- Born: November 15, 1937 (age 88) Bergen
- Occupation: Physicist
- Awards: Commander of the Royal Norwegian Order of St. Olav

= Eivind Hiis Hauge =

Norwegian physicist (born 1937)

Eivind Hiis Hauge (born 15 November 1937) is a Norwegian physicist.

== Early life and career ==
Hauge was born in Bergen, but took his secondary education at Oslo Cathedral School. He then took the siv.ing. degree, graduating from the Norwegian Institute of Technology in 1962 and took the dr.techn. degree in 1965. He spent the years 1965 to 1967 as a research fellow at Rockefeller University. He was a professor of theoretical physics at the Norwegian Institute of Technology from 1976.

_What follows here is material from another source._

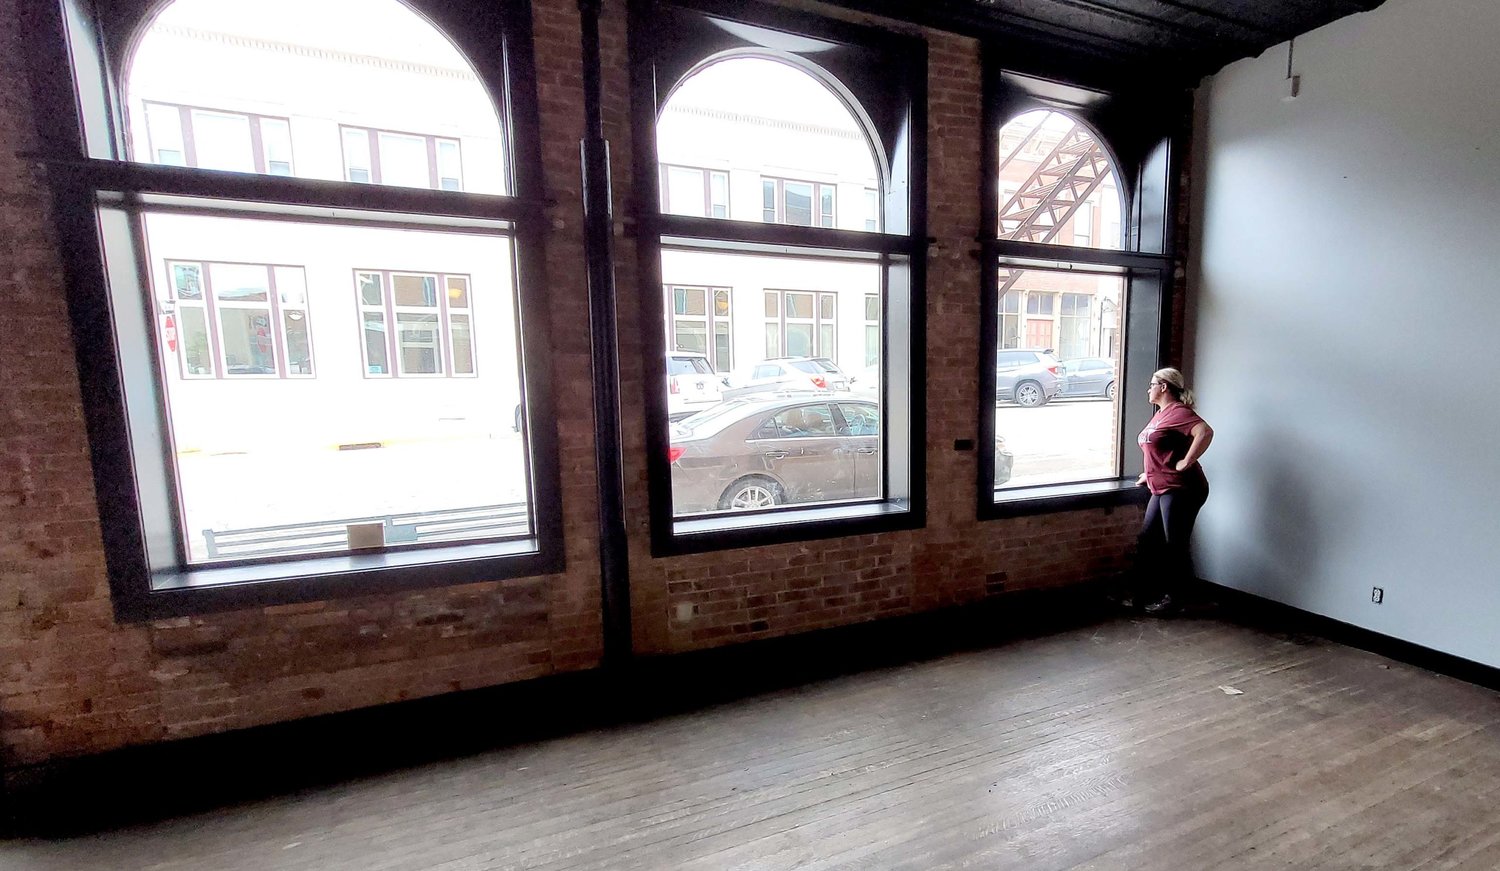 Angela Hedges looks out the windows at her new location in the Hesse Building at 7th and Avenue G in Fort Madison. Hedges is planning to open Corks and Barrels in July downtown. Photo by Chuck Vandenberg/PCC
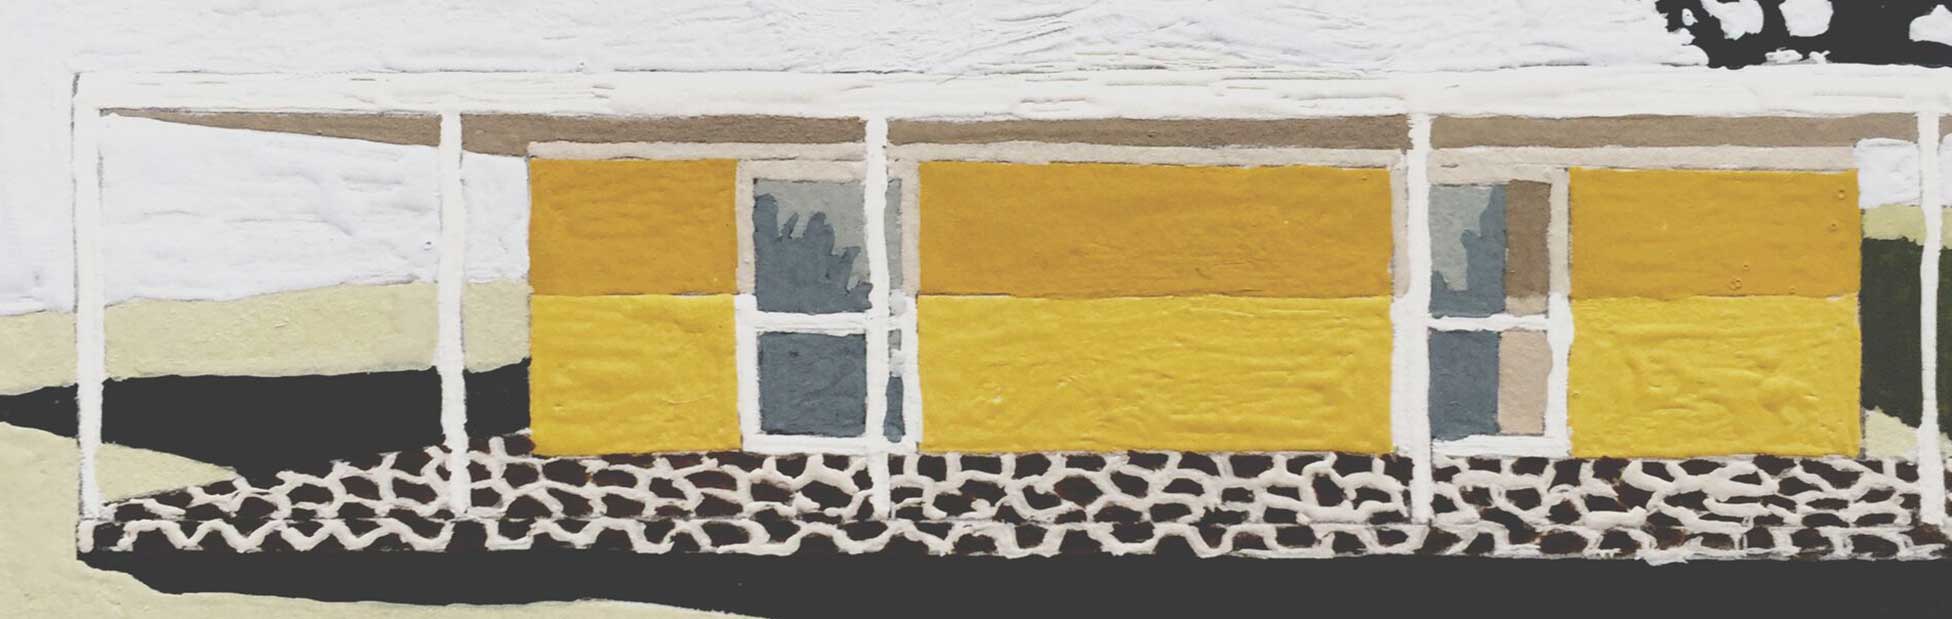 Artwork of yellow house with white roof

In 2001, having been dean of the Faculty of Information Technology, Mathematics and Electrical Engineering, he ran for election as rector of the Norwegian University of Science and Technology, the successor of the Institute of Technology. He chose Julie Feilberg as his vice rector candidate, and they edged out the other candidates Kathrine Skretting and Ingvald Strømmen. He assumed the rector chair in 2002. In the summer of 2005 his period ended, and he was succeeded by Torbjørn Digernes.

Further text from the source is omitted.